#### INSTRUCTIONS FOR THE TASK:
The required output is an exact restatement of the lines, starting with the one that contains "You Make Every Day Feel Like Christmas" and finishing with the last line of the listing. It contains no pictures.

#### DATA PROVIDED:
---

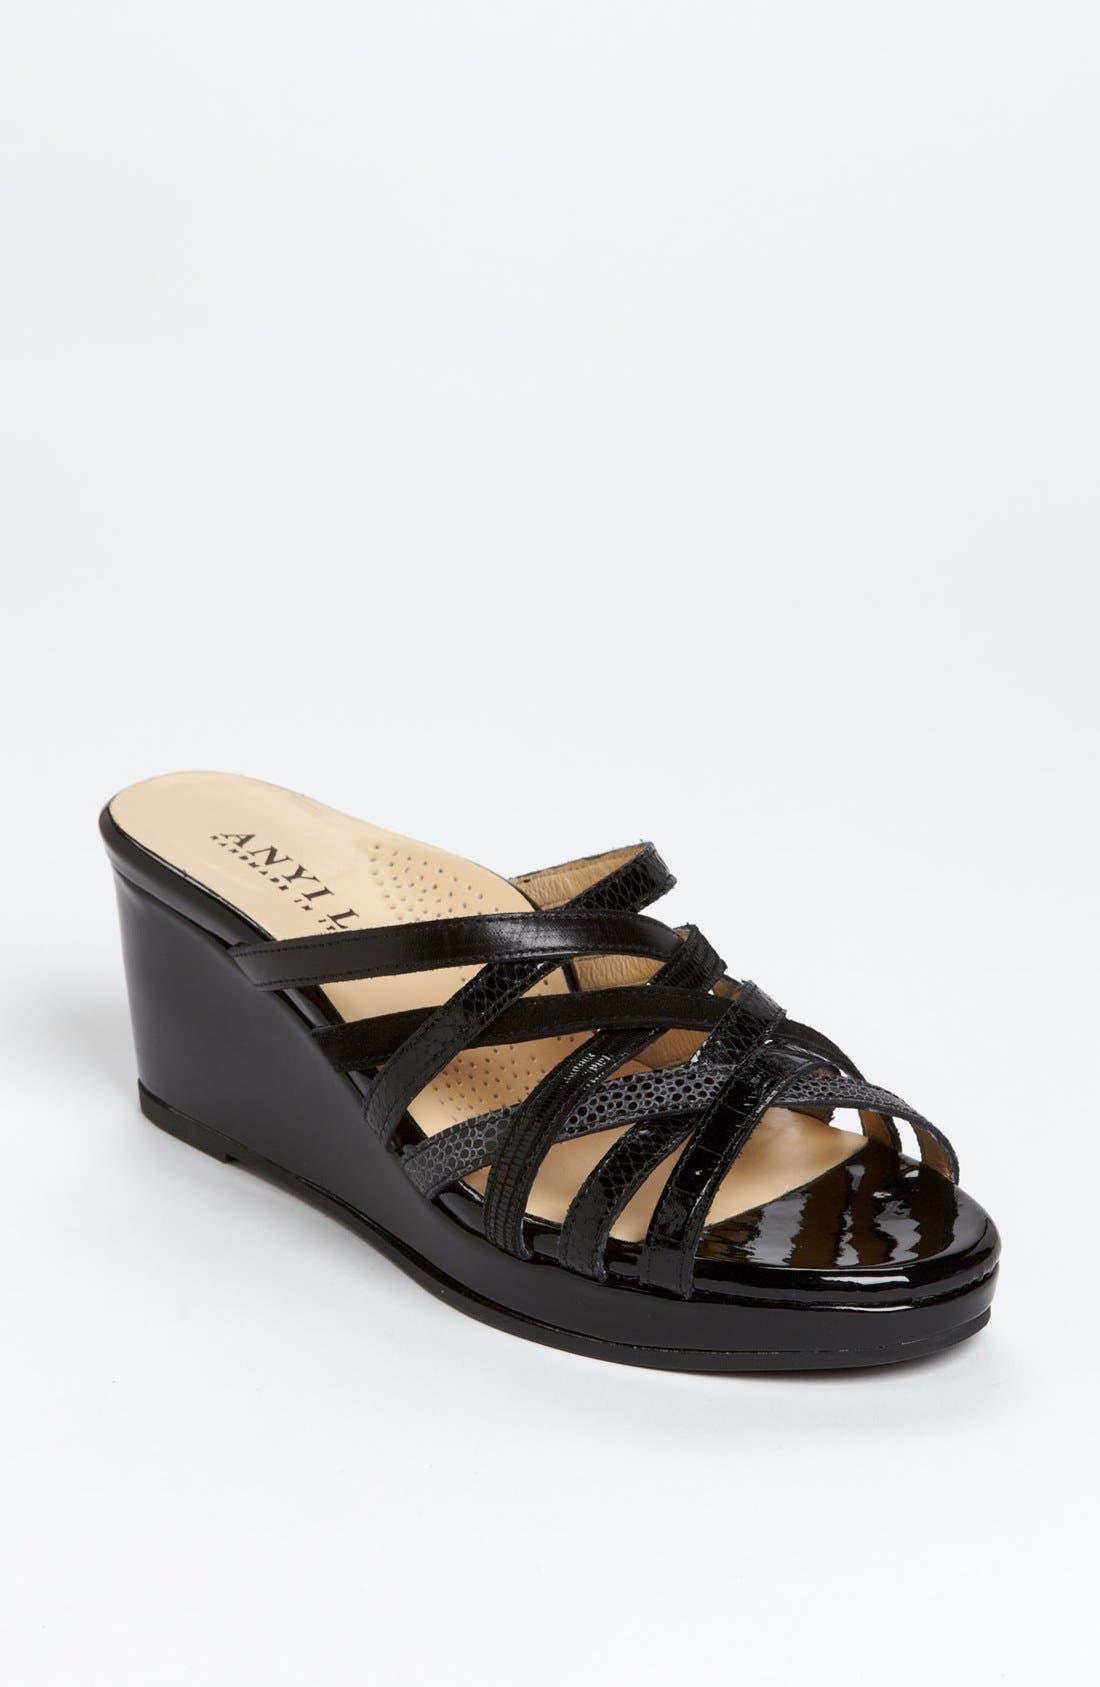 Main Image - Anyi Lu 'Isis' Sandal
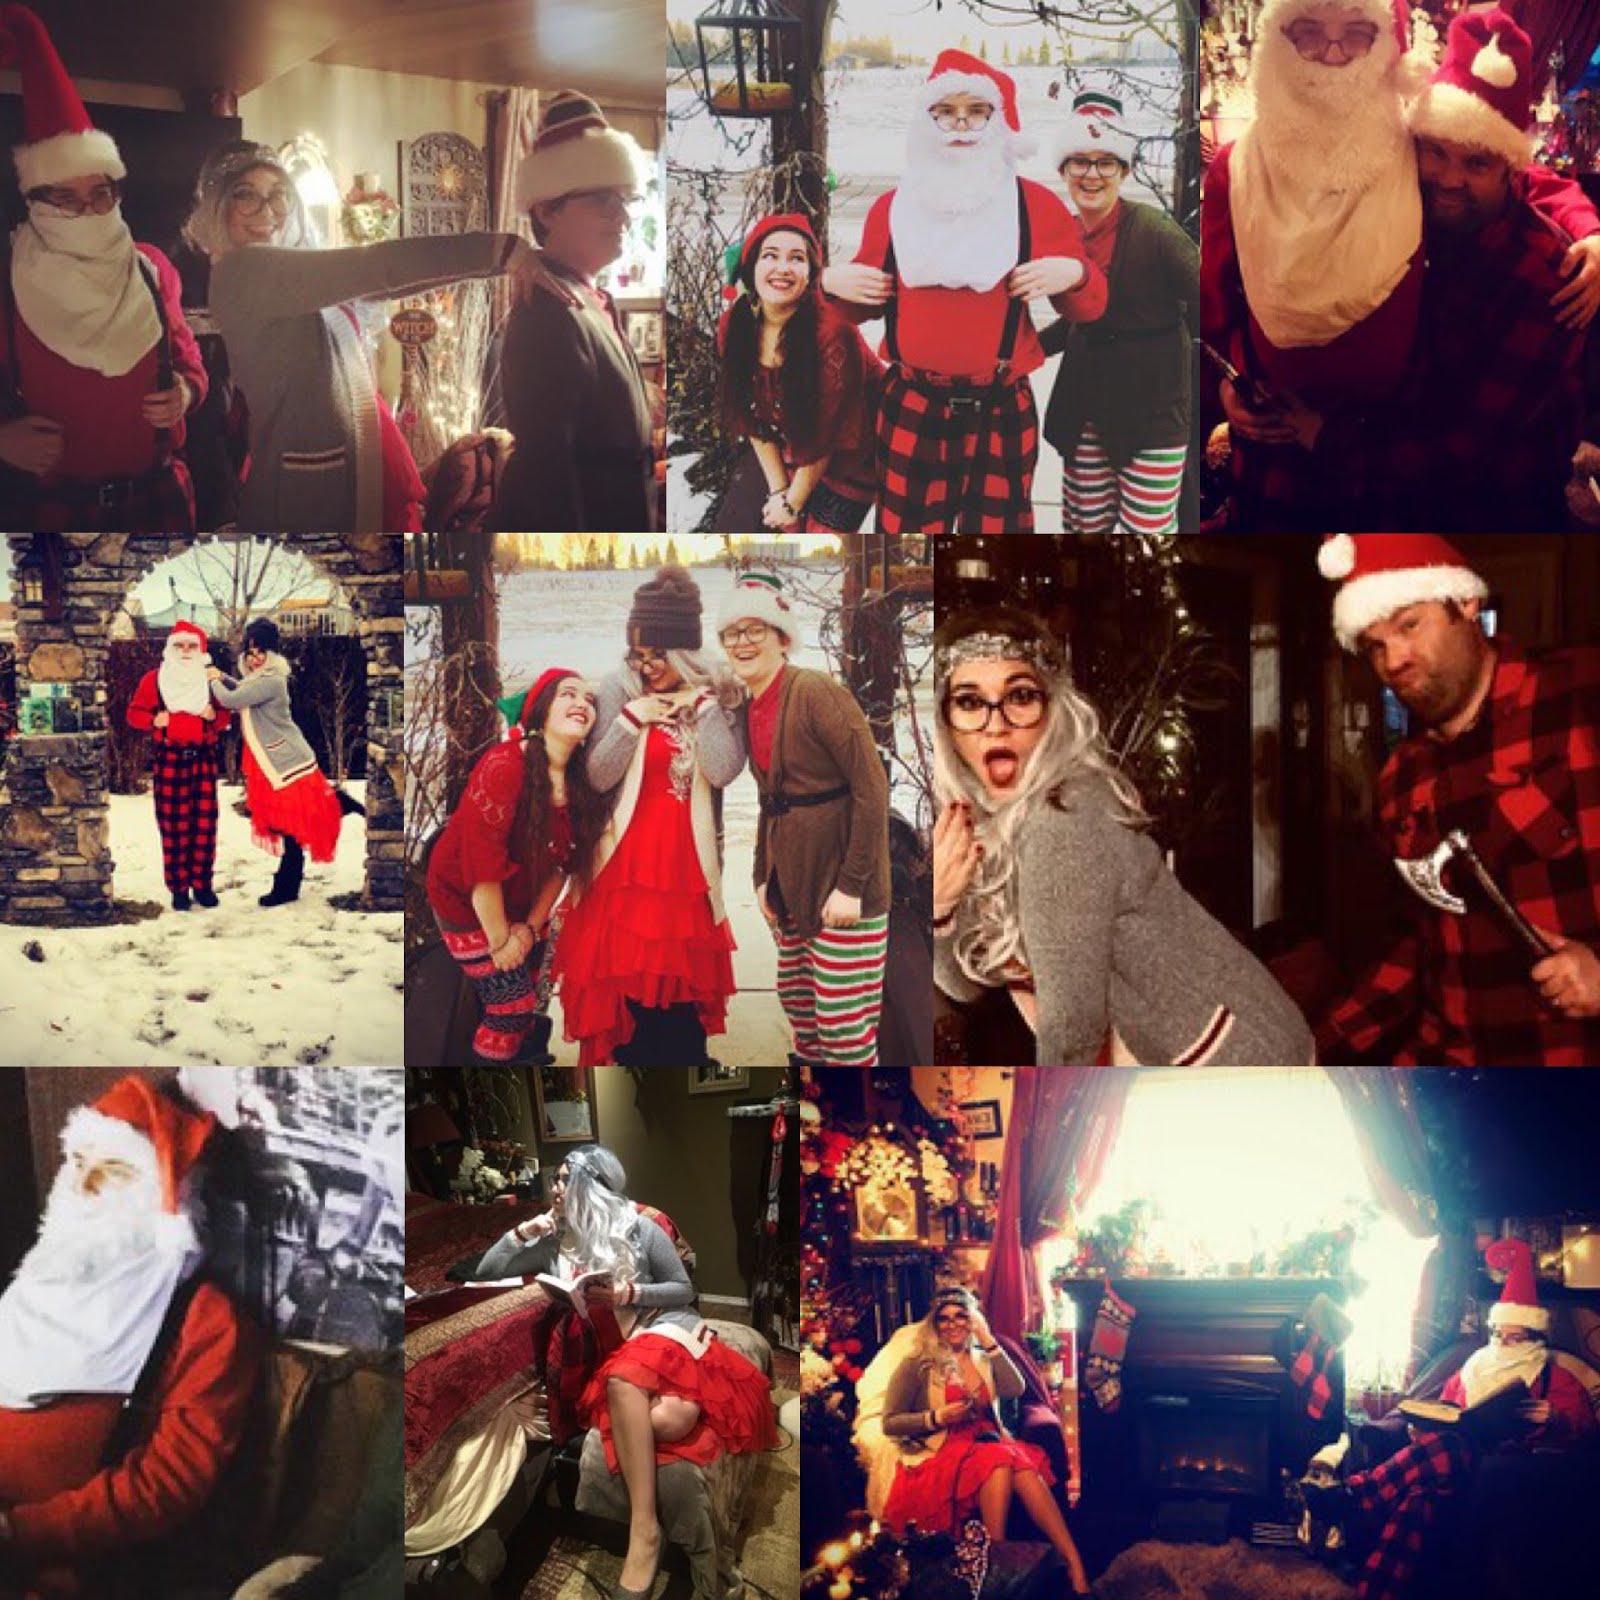 You Make Every Day Feel Like Christmas
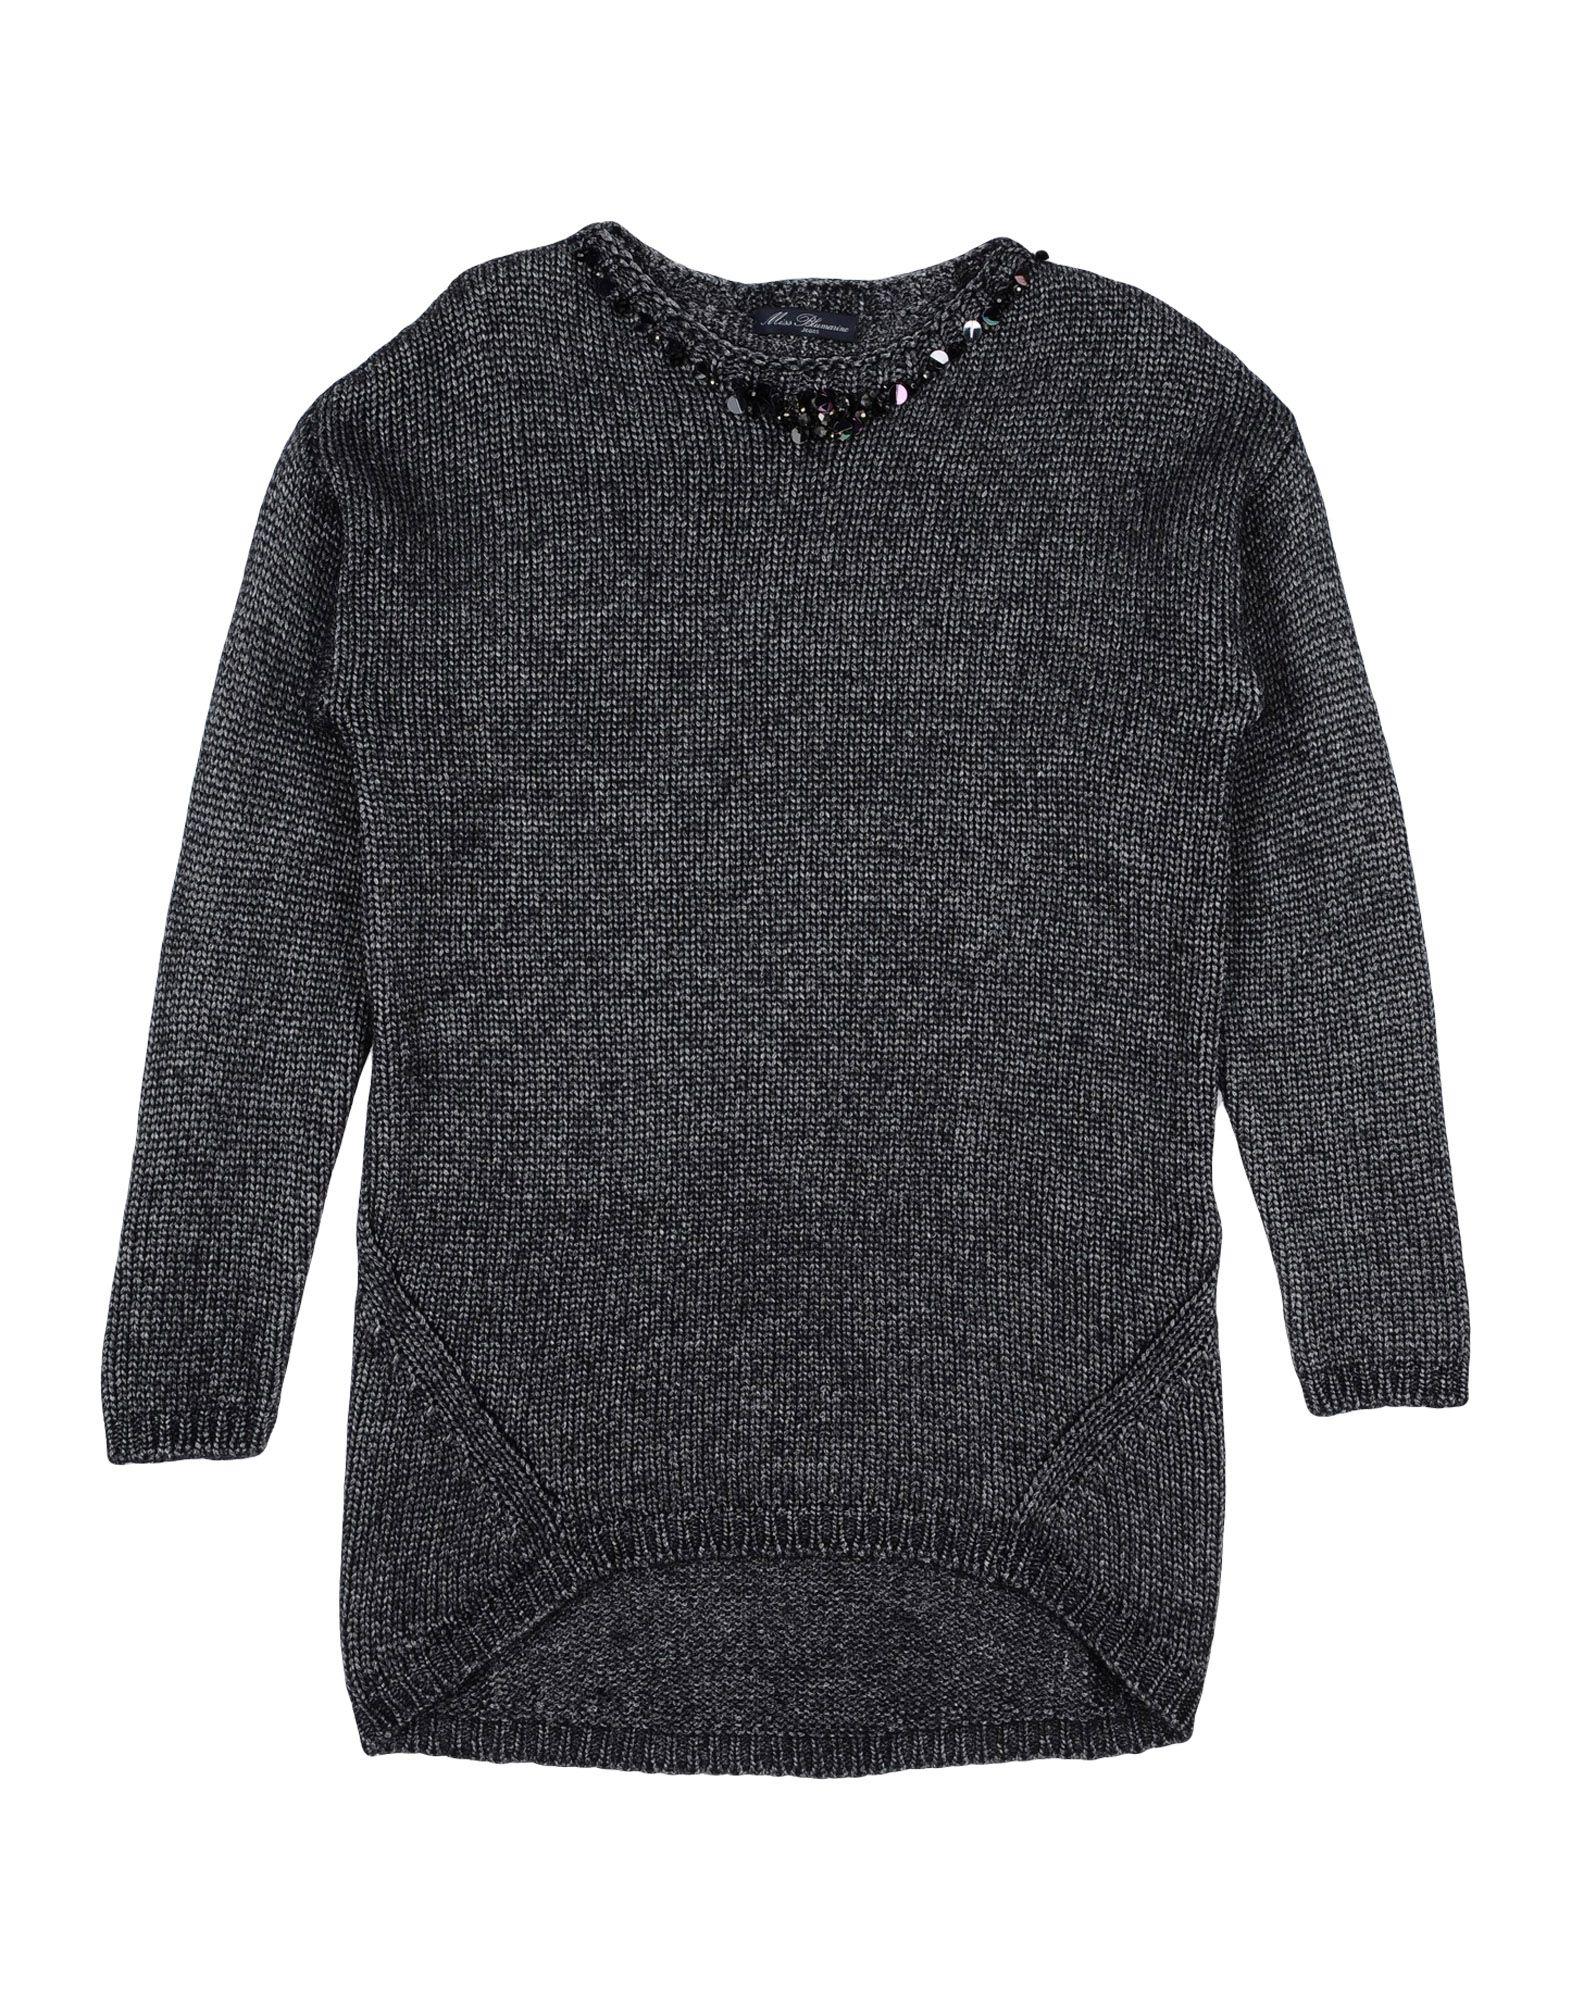 MISS BLUMARINE Sweater in Steel Grey

---

#### TASK ANSWER:
 You Make Every Day Feel Like Christmas
 MISS BLUMARINE Sweater in Steel Grey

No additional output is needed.